From Radical to Mainstream: Chicago-Kent Professor to Study Philosophy of Policing

  • By Kayla Molander

“Though the Movement for Black Lives is many years old as an organization, and the events of 2020 are rapidly going into the rearview mirror, questions about policing and how law enforcement is to ideally work aren’t actually going away,” says Chicago-Kent College of Law Associate Professor Raff Donelson.

Donelson, along with scholars at Pennsylvania State University, was awarded a grant of $5,000 from the American Philosophical Association (APA) to fund their Policing, Policy, and Philosophy Initiative (3PI). According to Donelson, this is one of the first projects that is dedicated to policing that the APA has funded.

“Traditionally, philosophers write a lot about crime,” says Donelson. “Why we commit crimes, why crimes are bad, and which things are criminalized and the like, but policing is relatively new for philosophers to talk about.”

Since this is a relatively new field of research for philosophers, Donelson says there are still many questions for scholars to explore.

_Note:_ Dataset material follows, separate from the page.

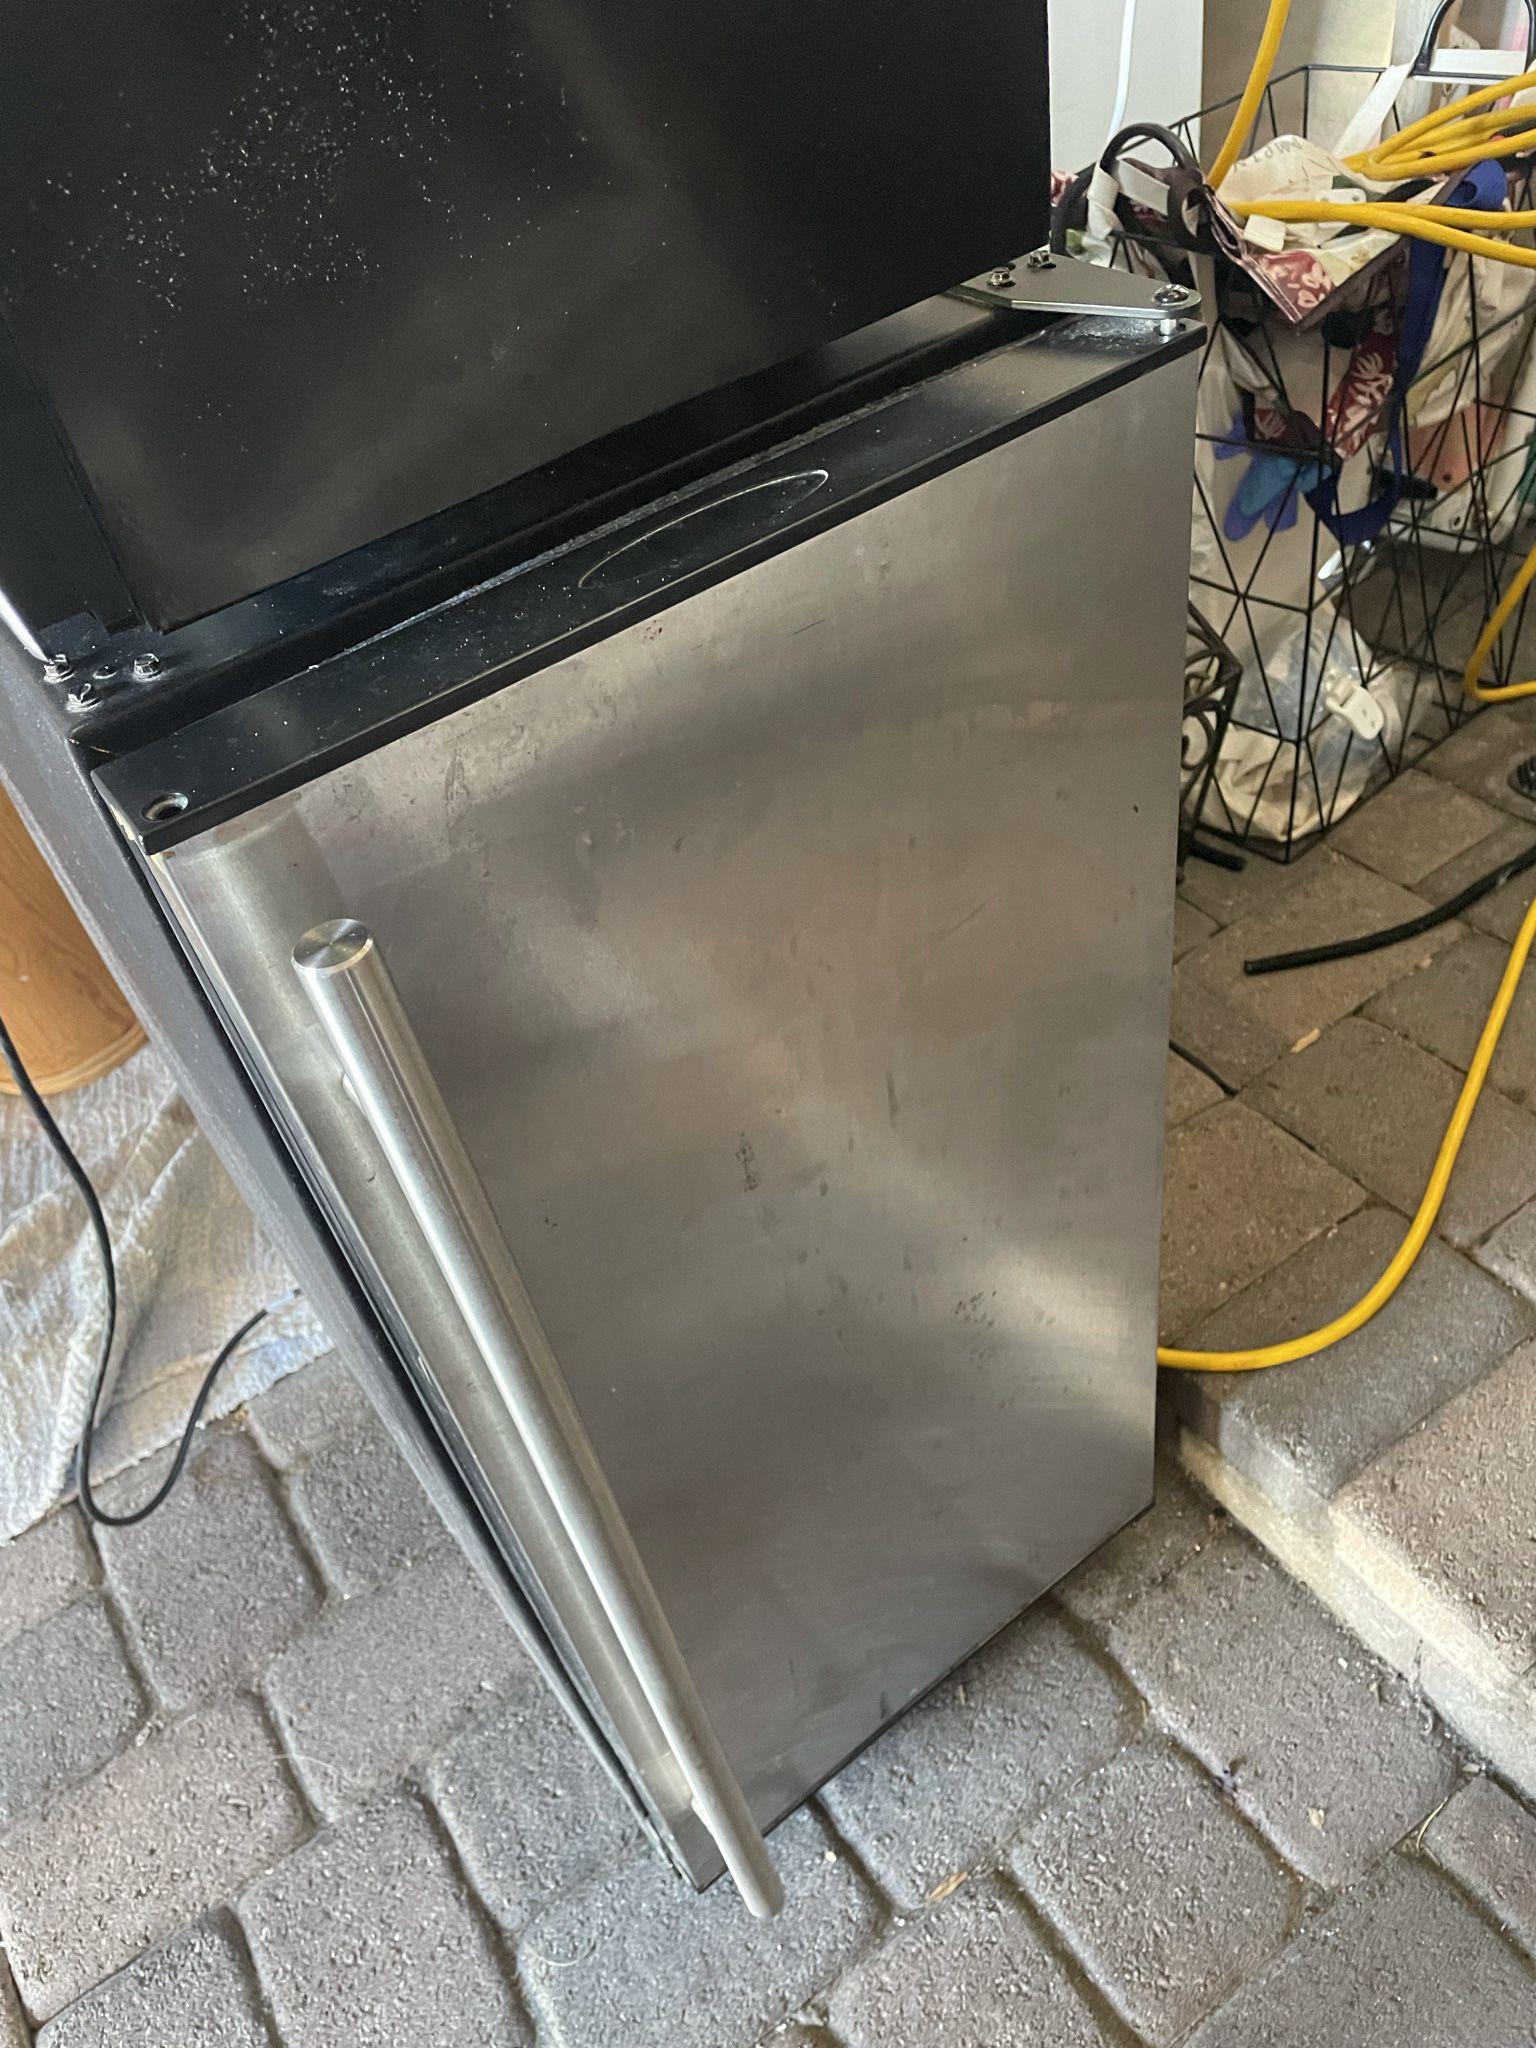 Mini refrigerator dorm room Clairemont Mesa

“A lot of philosophers are drawn to thinking that the just political order is democratic. So how does that commitment to democracy translate to police who are often not democratically accountable?” Donelson continues. “Philosophers like to say things like, ‘We should have procedural justice,’ but what does that look like in this particular domain? Because before you can put anyone in jail, or talk about the good reasons for doing so, before any of that happens, crime has to be investigated.”

The aim of the project is to “foster collaboration among philosophers and ethicists who study policing, with the goal of connecting their work to ongoing policy debates,” according to the 3PI website. The APA grant acts as seed money to help get the work off the ground.

“The idea was to bring a kind of new, nascent group of scholars who were all interested in policing all in one place and put them in contact with policymakers,” he says.

Donelson began his work on 3PI when he was still working at Penn State, where he was teaching before joining the Chicago-Kent faculty in fall 2022. When he moved to Chicago-Kent, the project expanded.

“We knew already that if this group was to be successful, it can’t just be at Penn State. This is supposed to be at least national, if not international, in scope, so it’s a good thing that one of the major organizers will not be at Penn State,” says Donelson. “Chicago, being a major metropolis with a major police force, is a place where people think a lot about policing.”

This grant allowed the group to secure a second grant from Penn State’s Rock Ethics Institute, and the group hopes it will open up other sources of funding, too.

The group has big plans, one of which is to organize an event at Chicago-Kent in April 2024.

“This event will try to bring scholars and policymakers into contact at the same event. That’s something that doesn’t happen as much as it could,” says Donelson. “With philosophy in particular, I don’t think that happens nearly as often as it should.”

The group is also building a bibliography of philosophy research into policing. It can serve not only as an information hub, but also an impetus to urge other scholars to explore the topic in their own research. The group is hoping for “disciplinary diversity,” which Donelson is already contributing by specializing his research in the legal realm.

“It’s something that philosophers in general don’t think a lot about, but if you’re someone who works in the legal academy and thinks about crime and punishment and policing, you have to think about how it is that police work is done,” says Donelson. “How should that be conducted and what should be the rules to govern that?”

Donelson is one of four primary organizers. The other three are Ben Jones, assistant director of the Rock Ethics Institute; Désirée Lim, the Catherine Shultz Rein Early Career Professor and an assistant professor of philosophy at Penn State; and Eduardo Mendieta, professor of philosophy at Penn State.

“Dozens of people of color are killed by police every year. Now because there is a national narrative about it, each one of these is going to be looked at with scrutiny, and we’re going to revisit these questions,” Donelson says. “Questions that used to be what only radicals were thinking, now are mainstream.”